Dengan begitu, sekarang bukanlah waktu yang ideal untuk saling menyalahkan,
membuat pernyataan spekulatif atau bahkan berperilaku provokatif. Sebaliknya,
semua elemen masyarakat didorong untuk mewujudkan kondusifitas. Tidak sulit,
karena kondusifitas pasti terwujud dan terjaga jika ruang publik tidak dijejali dengan
pernyataan provokatif yang berpotensi menakut-nakuti orang banyak. Patut diingat
bahwa Pandemi Corona barulah awal krisis, sebab setelahnya berlanjut dengan
resesi ekonomi. Dua bencana ini tak terelakan sehingga harus dihadapi.
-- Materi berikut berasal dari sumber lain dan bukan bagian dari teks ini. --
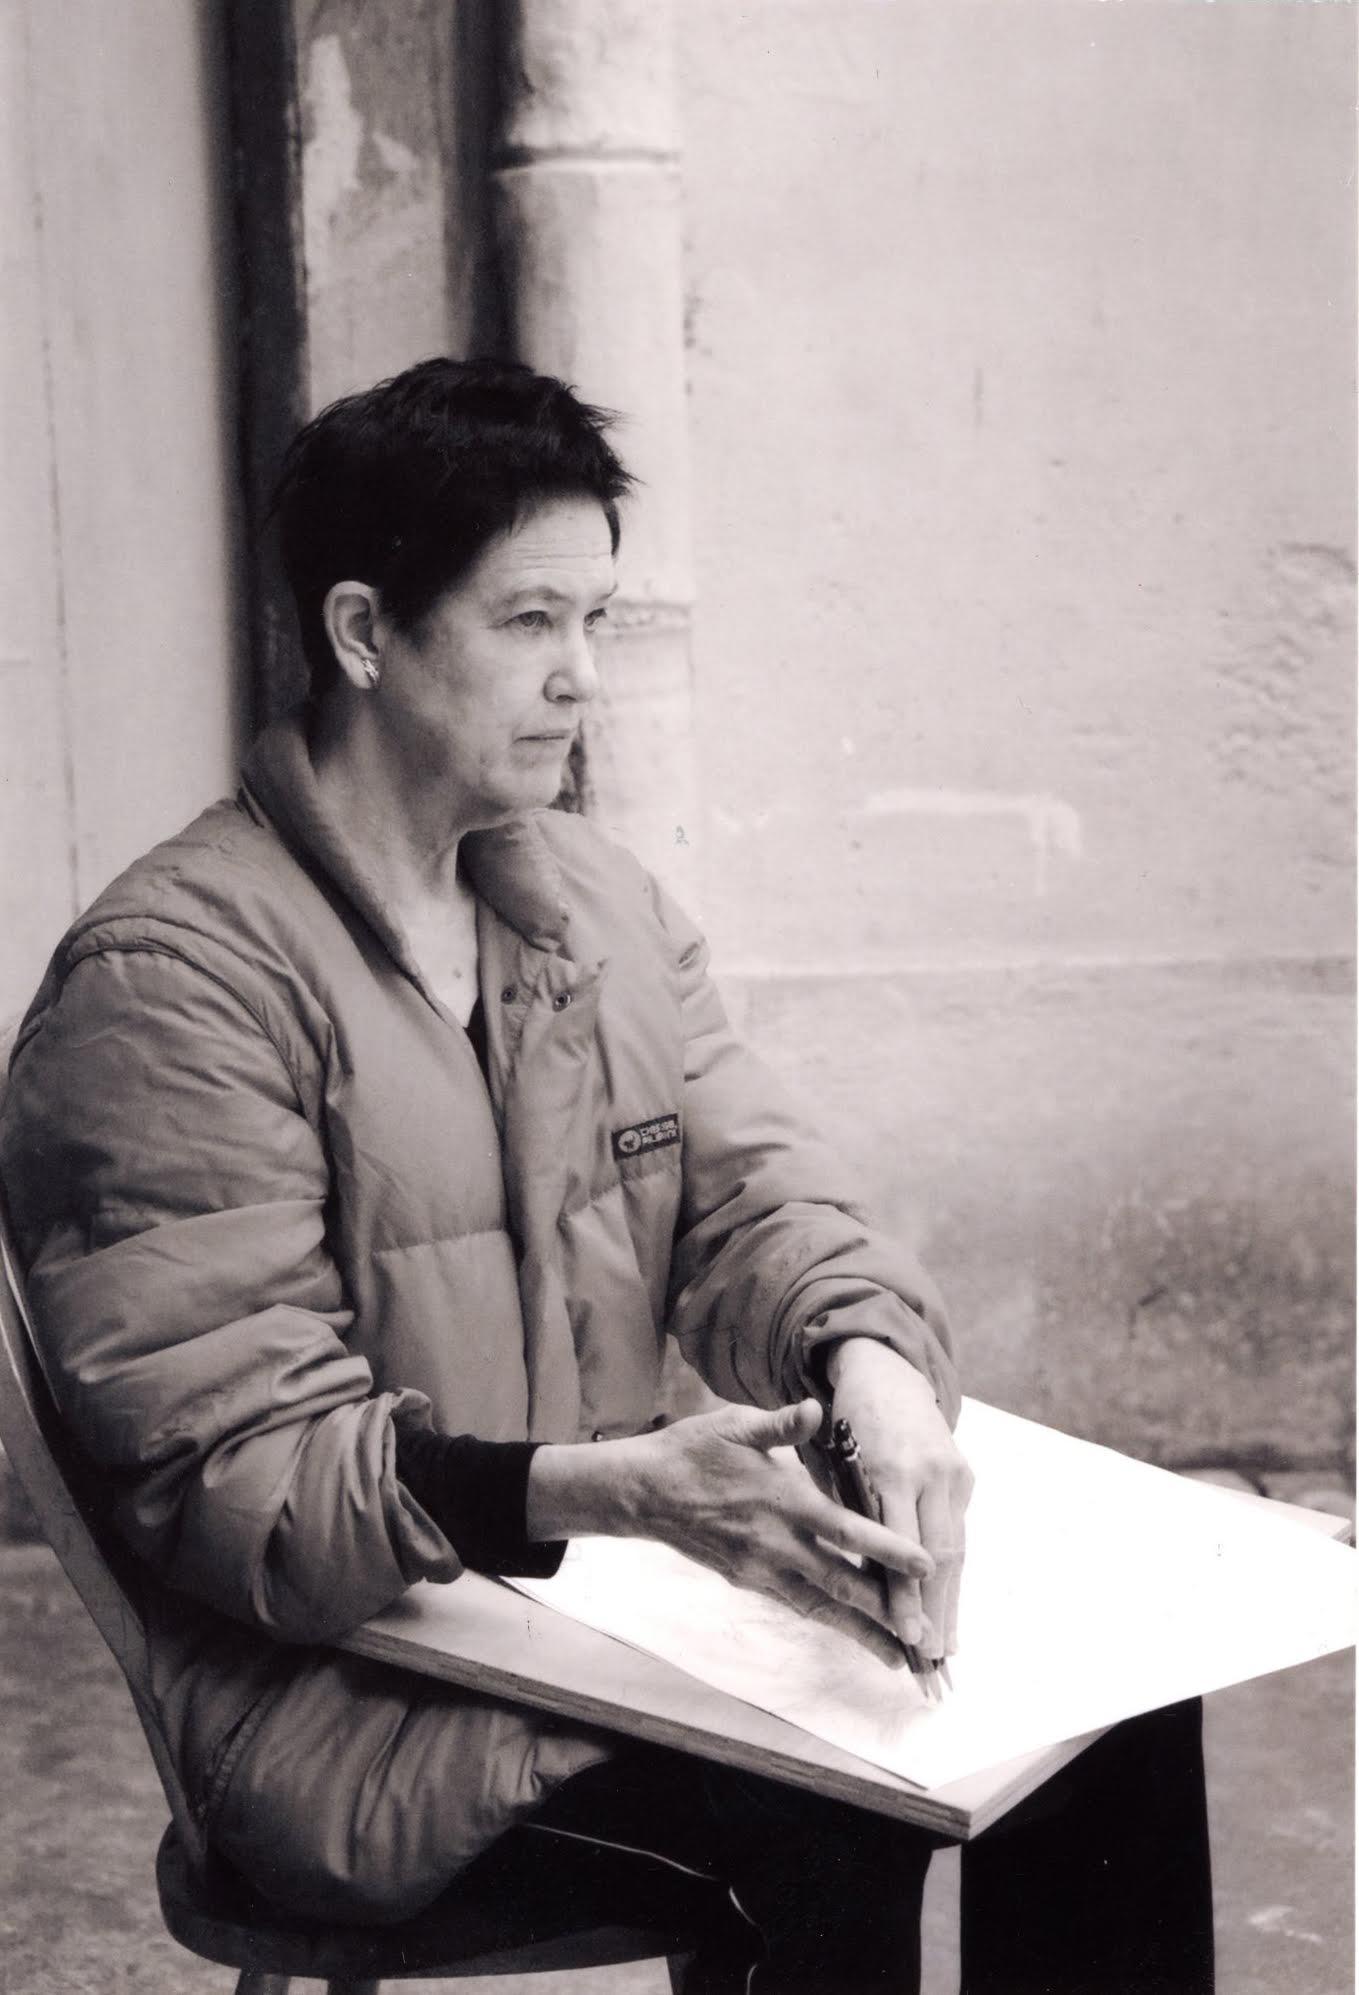 Morgan O'Hara Draw An Old Man Sweeping Leaves at the courtyard of Albergue SCM, Macau, 2009. Photograph by Frank Lei. Courtesy Albergue SCM  摩根·奥哈拉描绘澳门婆仔屋前院老人清扫树叶的轨迹,2009. 摄影:Frank Lei. 致谢婆仔屋文创空间

Butuh
kebersamaan seluruh elemen masyarakat Indonesia untuk menghadapi dua
bencana ini.

Untuk menguatkan keyakinan masyarakat di tengah kejadian luar biasa akibat


wabah Virus Corona dan resesi, pemerintah terus bekerja keras untuk mewujudkan
dua tujuan besar yang sama strategisnya. Pertama, menangani dan memberi
layanan medis kepada semua pasien COVID-19, serta gencar mengupayakan
cegah-tangkal penyebaran Virus Corona di semua wilayah melalui koordinasi
dengan semua pemerintah daerah. Juga mengubah sejumlah bangunan atau
fasilitas umum untuk menampung dan merawat pasien COVID-19.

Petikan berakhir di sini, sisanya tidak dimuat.